**INPUT FOR THIS TASK**.
######

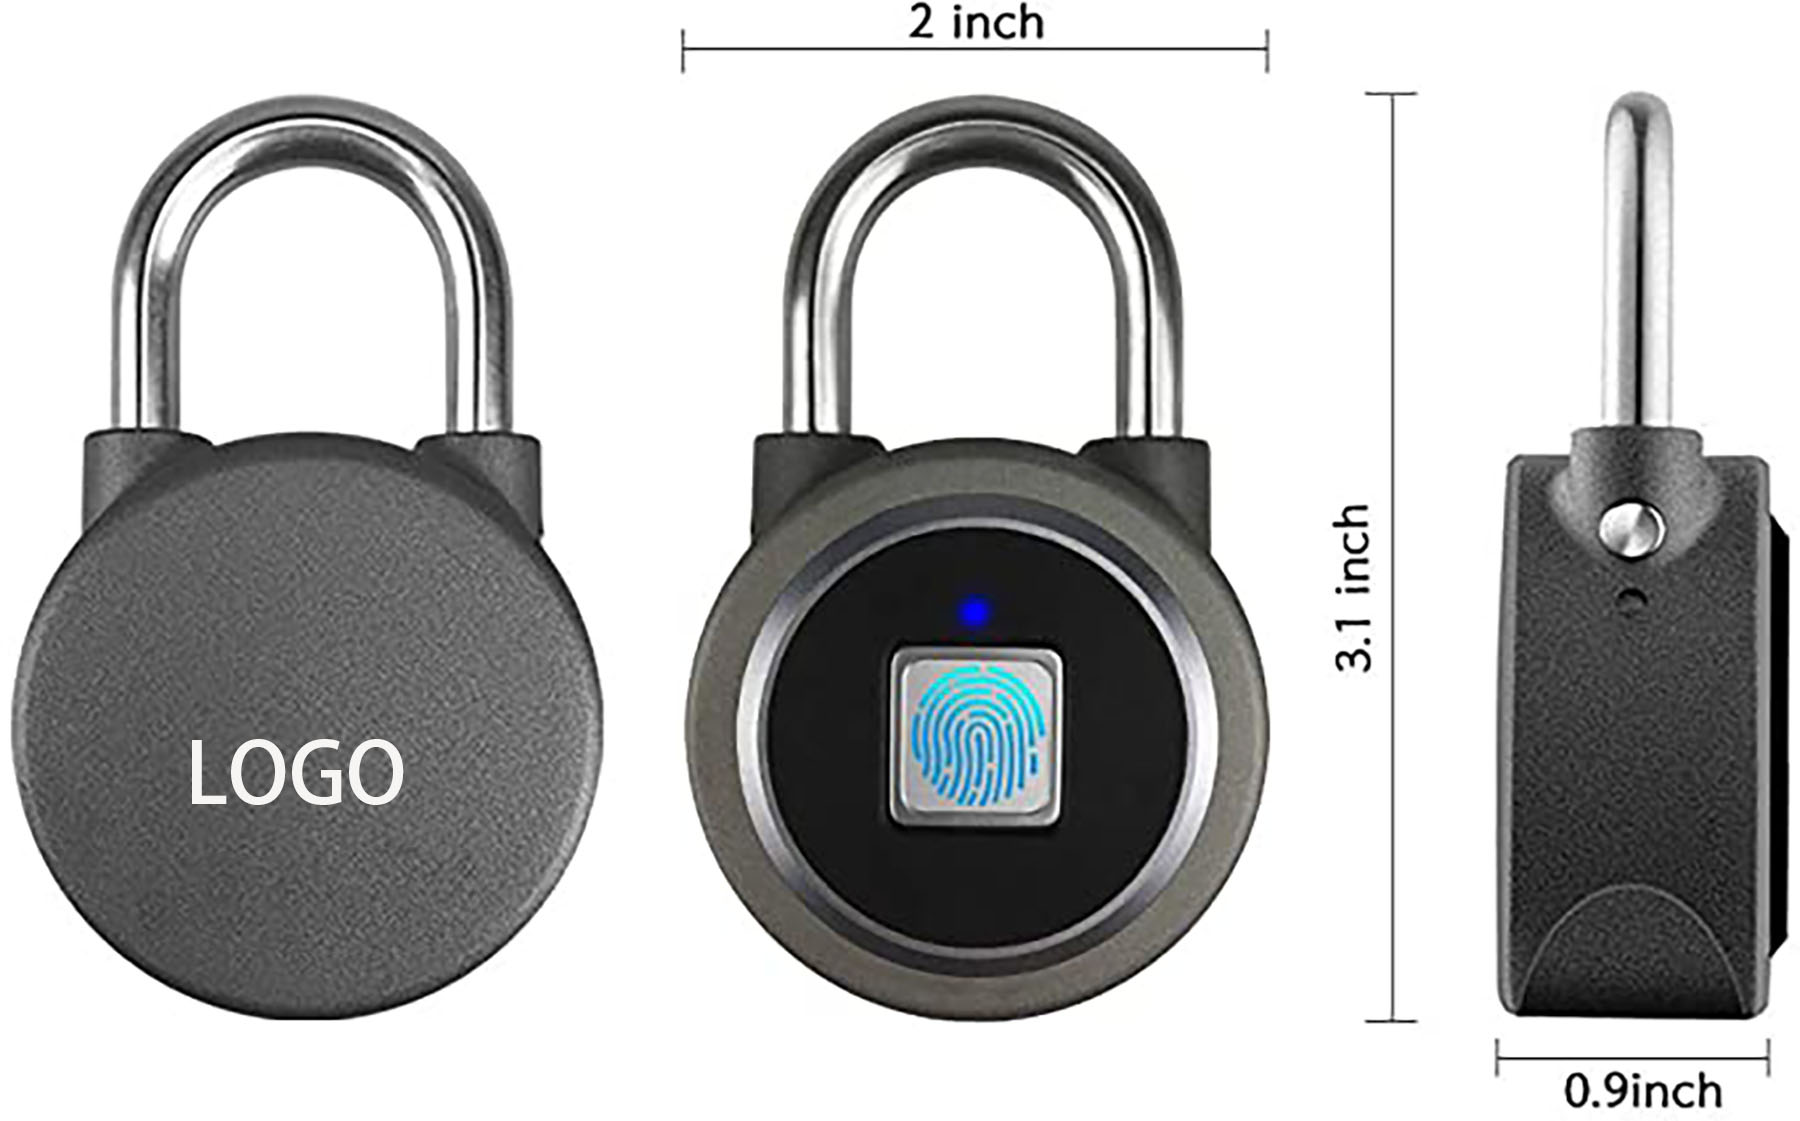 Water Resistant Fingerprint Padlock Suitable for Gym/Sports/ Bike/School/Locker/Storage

######

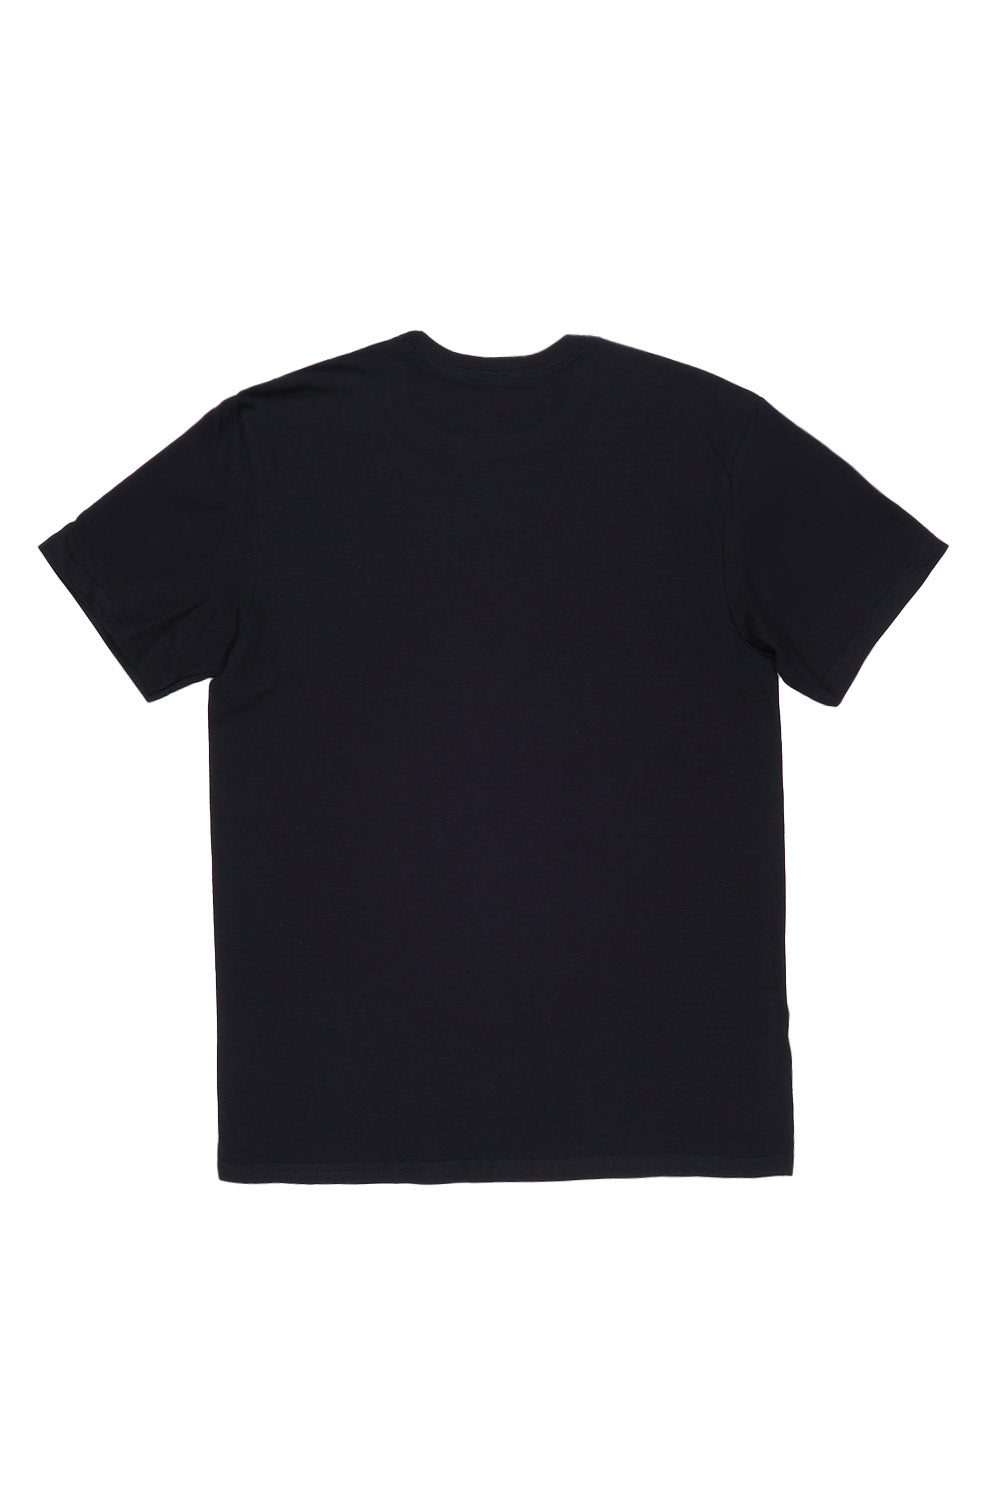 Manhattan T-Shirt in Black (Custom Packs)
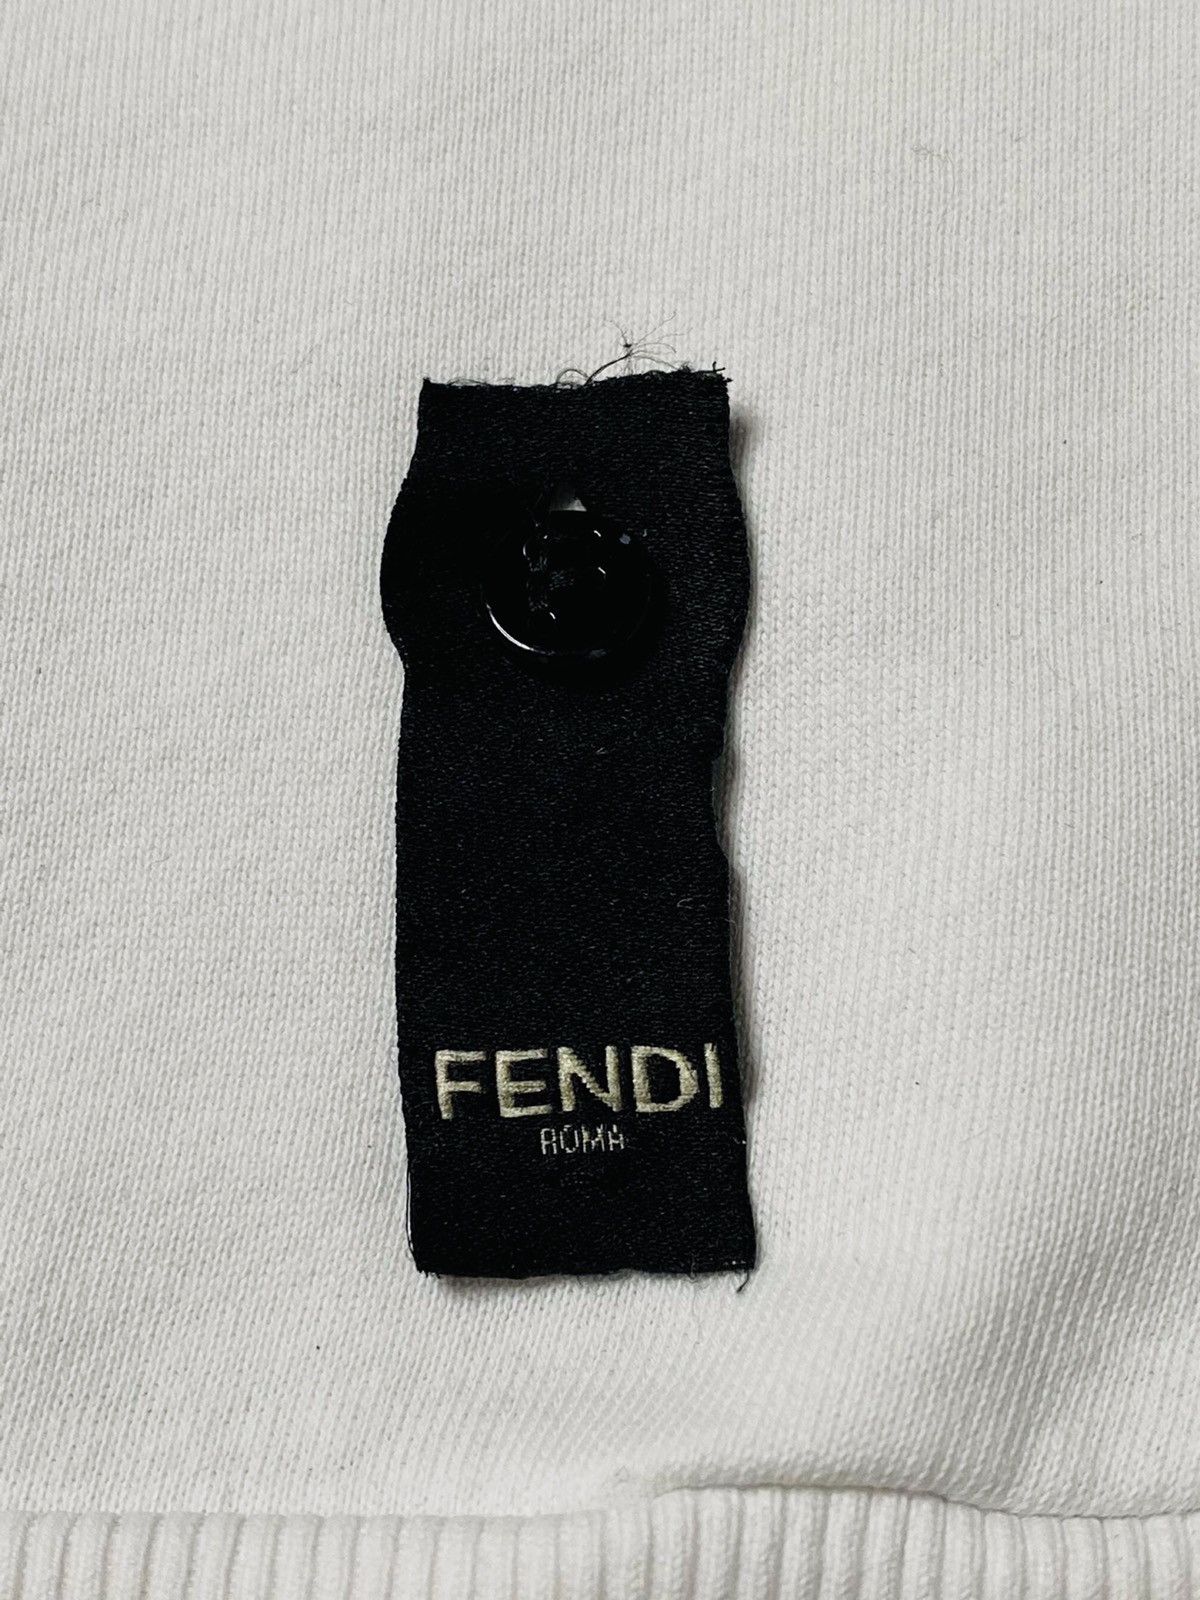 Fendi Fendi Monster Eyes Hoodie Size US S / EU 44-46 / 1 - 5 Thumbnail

######

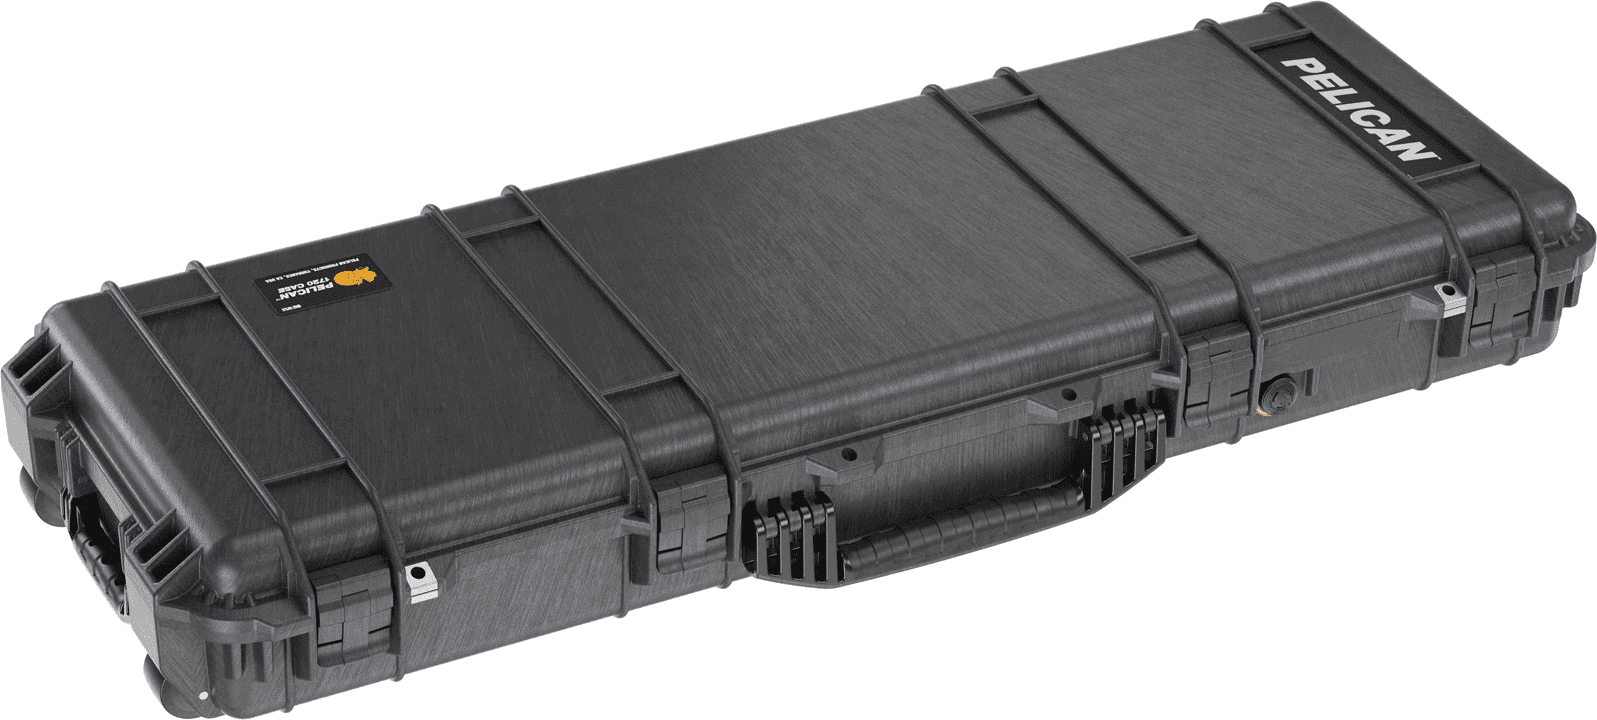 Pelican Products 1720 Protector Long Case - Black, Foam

######

**TRY IT**. Look above for the line with "Manhattan T-Shirt in Black (Custom Packs)" and the line with "Fendi Fendi Monster". Copy them and every line between, exactly, but no pictures.

**ANSWER TO THIS EXERCISE**.
 Manhattan T-Shirt in Black (Custom Packs)
 Fendi Fendi Monster Eyes Hoodie Size US S / EU 44-46 / 1 - 5 Thumbnail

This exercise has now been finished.